I had the third MRI the pain doctor set up; this one is of the thoracic spine.  At some point sooner than later, he will get the results, go over them with me (and I will ask for a recap of the lumbar and neck MRI's as I was too pained and also stunned by his saying I need surgery), and we will discuss his referral to surgeon.  I will research in advance, being new to this area; and I also will ask for second opinion surgeons.  However, I've come to accept that if more surgery to clear up bone spurs, spinal stenosis, and more bulging discs and compressed discs that have come over the years after the major surgery back in 1987 following 1984 life-altering car accident, then I of course would love to feel any bit better.  That is all the pain doctor has to offer given how bad the MRI results, other than trying another medication he hopes will help any small amount during pain sieges.

So consecrated Catholic hermits or any hermit, still have to deal very much with the temporal, with people and professionals, with having a place to live and all that goes with life and living in this 21st century.  I have to wash out cupboards, wait until Friday for a Shop Vac to arrive, sweep out lower cabinets and closet, unpack dishes and pots and pans, hang up a few clothes, put away bathroom items.  

And soon, I hope and pray, I will unpack the marvelous library of rare and otherwise spiritual books on and by saints, mystics, hermits, spiritual masters and directors, religious order founders, and Scripture scholars.  My library collection has been boxed for nearly six years due to the previous hermitage, Te Deum, being what I later learned a cosmetically covered "tear down" dwelling.  Took five and a half years to gut and renovate, run out of money, and sell just in the nick of time.  Praise His Real Presence for all providence and love!

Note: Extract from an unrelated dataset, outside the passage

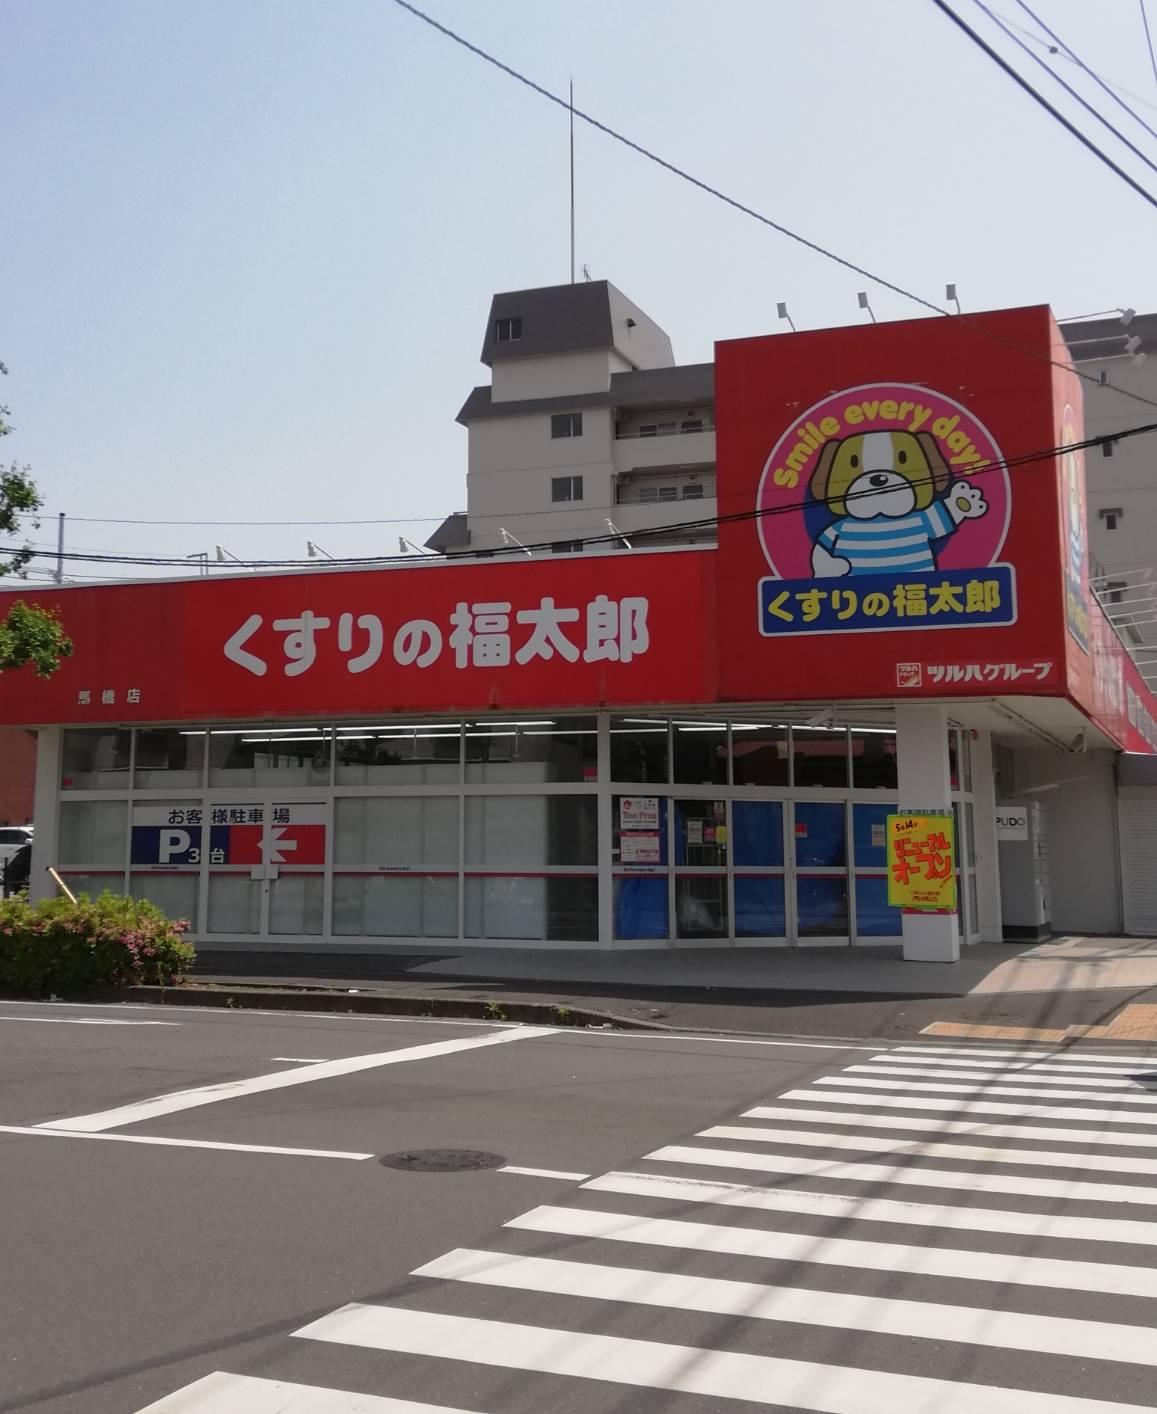 くすりの福太郎馬橋店精肉青果ドラッグストア

This hermitage, Solus Deus, has a lovely bonus room upstairs that will be the chapel and place of prayer as well as artistic and creative endeavor.  More on that another time.

For now, I share the following Scriptures read at Masses around the globe, a few days ago.  These I will separate from the aspect of what not to be, to the aspect of how to be in God's sight, in His footsteps, in His love.  So much is ours to choose, after all, which path, which attitude, which perspective, which way to live and be.  God is Love, and turning to and trusting in God is that of LOVE.

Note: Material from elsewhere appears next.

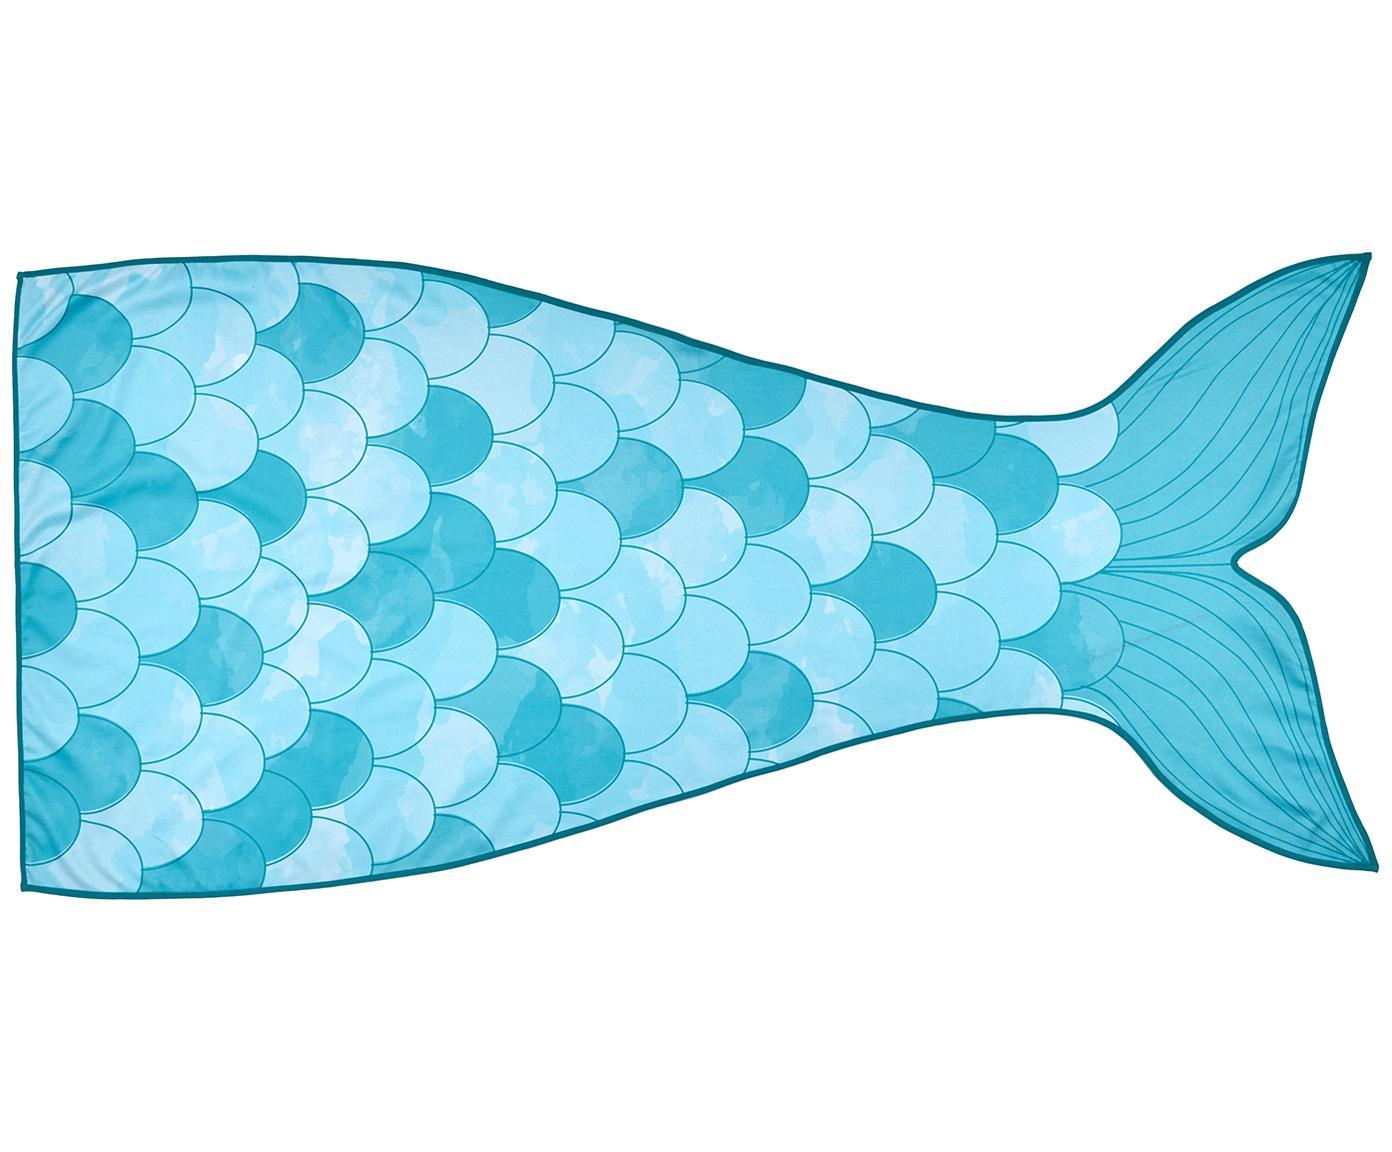 Strandtuch Mermaid, 55% Polyester, 45% Baumwolle Sehr leichte Qualität 340 g/m², Hellblau, Türkis, Weiß, 87 x 180 cm

I pray you can apply these somewhat hard truths of the two aspects and ways of choosing, in your own circumstances and life.  This selection has been quite meaningful to me as of late.

Jeremiah 17:5-8

Thus says the LORD:
Cursed is the one who trusts in human beings,
who seeks his strength in flesh,
whose heart turns away from the LORD.
He is like a barren bush in the desert
that enjoys no change of season,
but stands in a lava waste,
a salt and empty earth.

Blessed is the one who trusts in the LORD,
whose hope is in the LORD.
He is like a tree planted beside the waters
that stretches out its roots to the stream;
it fears not the heat when it comes;
its leaves stay green;
in the year of drought it shows no distress,
but still bears fruit.

God bless His Real Presence in us!  Little children, let us love God above all things and others as ourselves!